The women also scrubbed the downstairs room of the Bell Tower, which had not been opened to the public in 13 years. Today, the lovely space, easy on the eye, is accessible to visitors during the summer season.
Mary’s Girls called in fellow churchgoer Frank Almeida to build a beautiful new gate and make other improvements. “For years, Frank, a director at NOAA’s Marine Fisheries came here to have his lunch from his office across the pond,” Pacheco says. He was happy to help, just as he was happy to bring religious books to the tower for people to peruse and always willing to assist with other tasks. “If we are the edges of the table,” says Melo of the four Mary’s Girls, “Frank is the pedestal.”
People come in and out to wander the garden paths and check out the tower as the women speak. The visitors admire what they see; they think, reflect. Mary’s Girls are pleased with the reception their labors have brought. “Looking at the garden today, you wouldn’t know how far we had to dig out,” Rose says. Still, they see the endeavor as a work in progress.
“Things are stabilized,” Pacheco says, but not exactly back to the way the garden looked when it was first opened to the public, in 1937. Adds Melo, “while much has been tamed, there’s a lot more to go.”
“We would like very much for it to be as true as possible to the designer’s original intent,” Rose notes, “but we’re mellow about restoration to the 1937 look because there’s a reality to it.” For instance, because some plants took over and smothered others, things would have to be pulled out at the roots in certain spots–literally excavated–and there would be a need to start from scratch to hew to the original. “Not this week,” Rose says with a grin.
In addition, some plants are not as easy to procure as they were almost a century ago, especially with the pandemic having gotten in the way. To keep the garden looking appealing, some compromises had to be made even as new plants named for Mary have been brought in.

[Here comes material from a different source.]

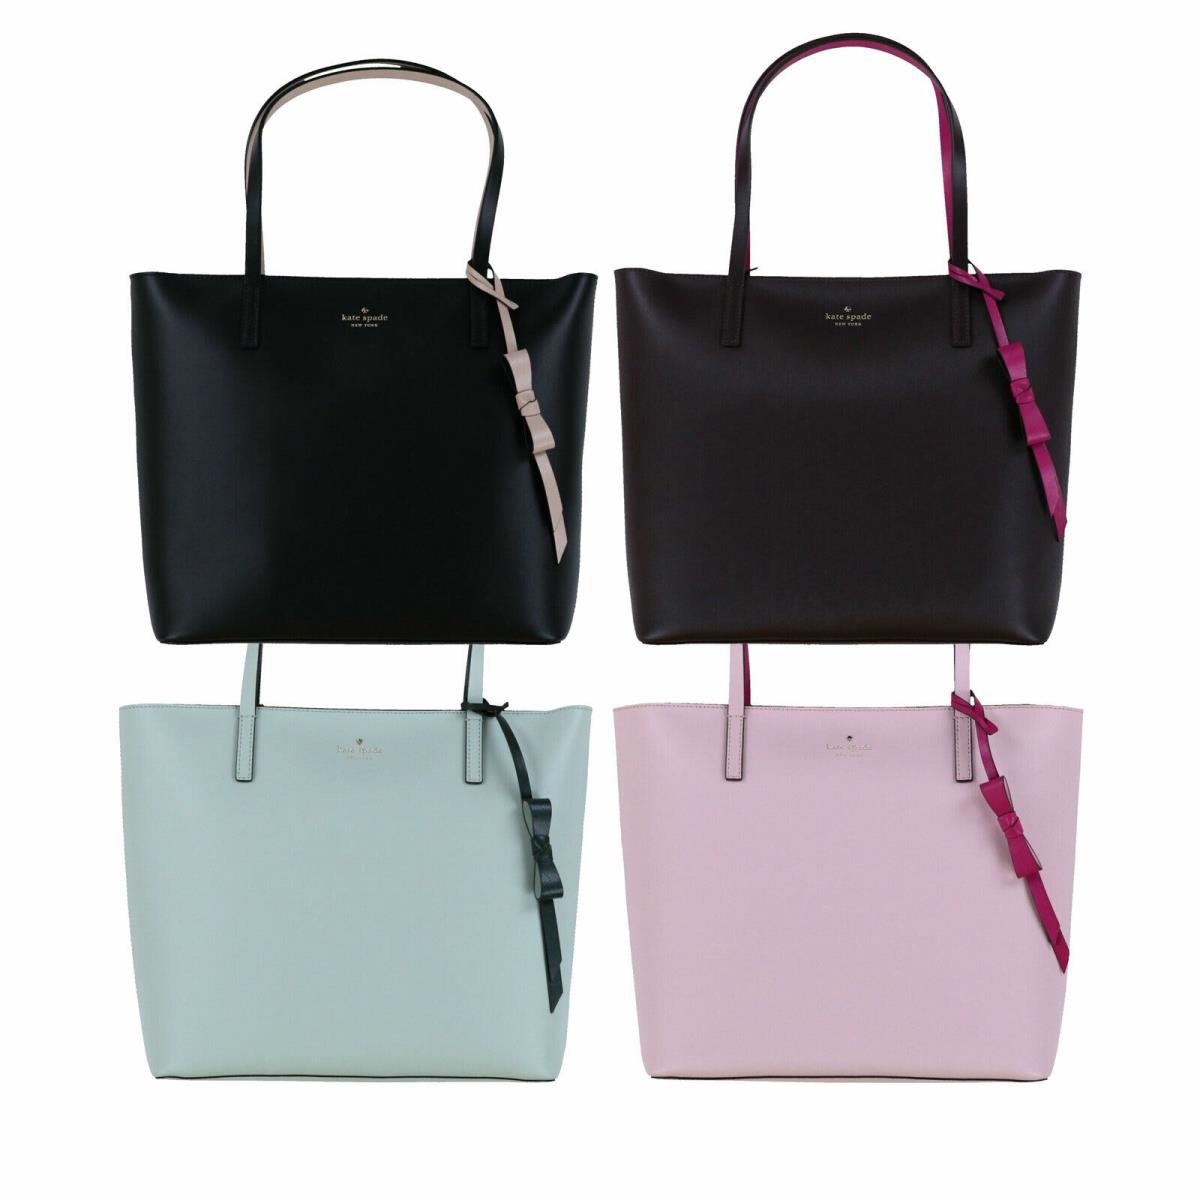 Kate Spade New York Lawton Way Rose Tote Large Purse Handbag Leather Bag New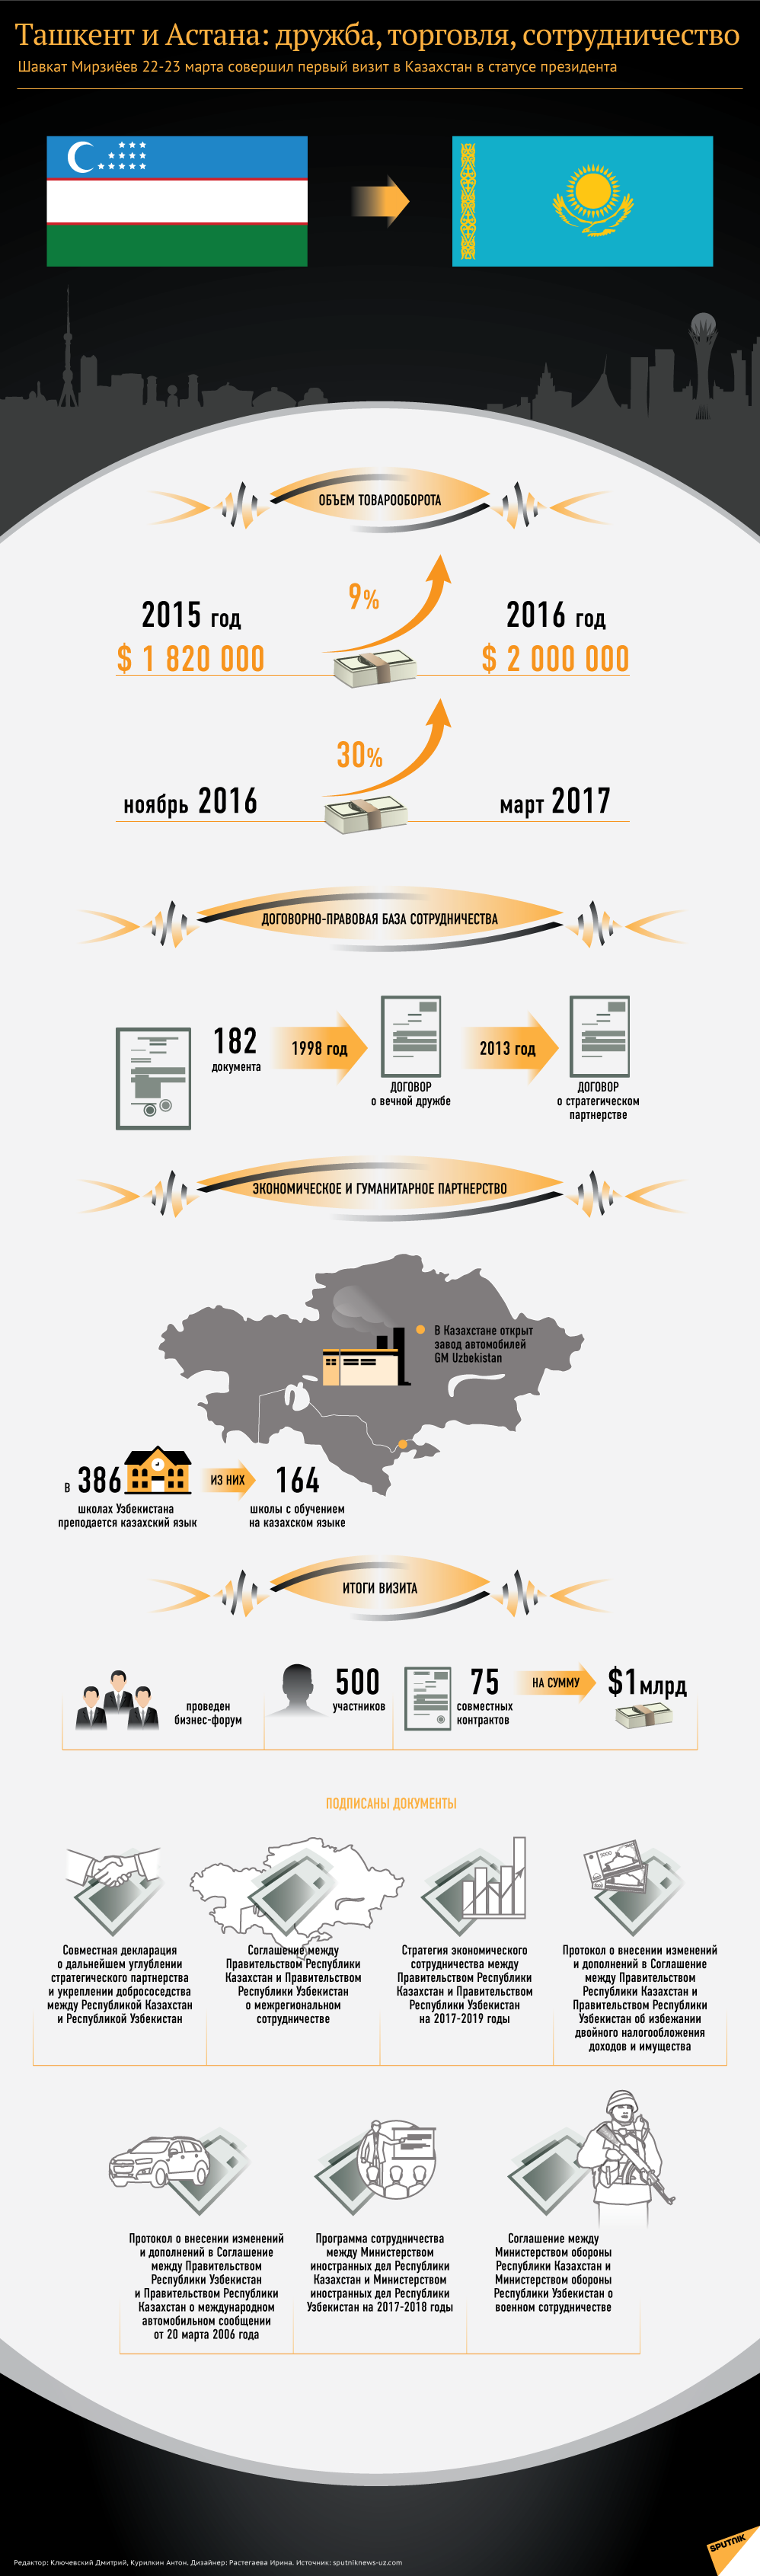 Инфографика об итогах визита президента Узбекистана в Казахстан - Sputnik Казахстан

Nonagenarian McLaughlin, born before the garden and one of the volunteers who tended it 50-plus years ago after the hurricane, is okay with that. “They’ve been doing a beautiful job of it,” she says. “The bulbs they planted last fall came into bloom this spring, and the place was glorious. You just can’t imagine.”
It’s true; you can’t. Which is why, after looking at the photos here, it’s worth going to see for your self. If you show up on a Wednesday around 4 pm, you’ll also be able to have a look inside the beautiful little antique chapel across the street.
Larry Lindner is a contributing writer for Cape Cod Life Publications.
Mary’s Garden is located directly opposite St. Joseph’s Chapel, 33 Millfield Street, Woods Hole.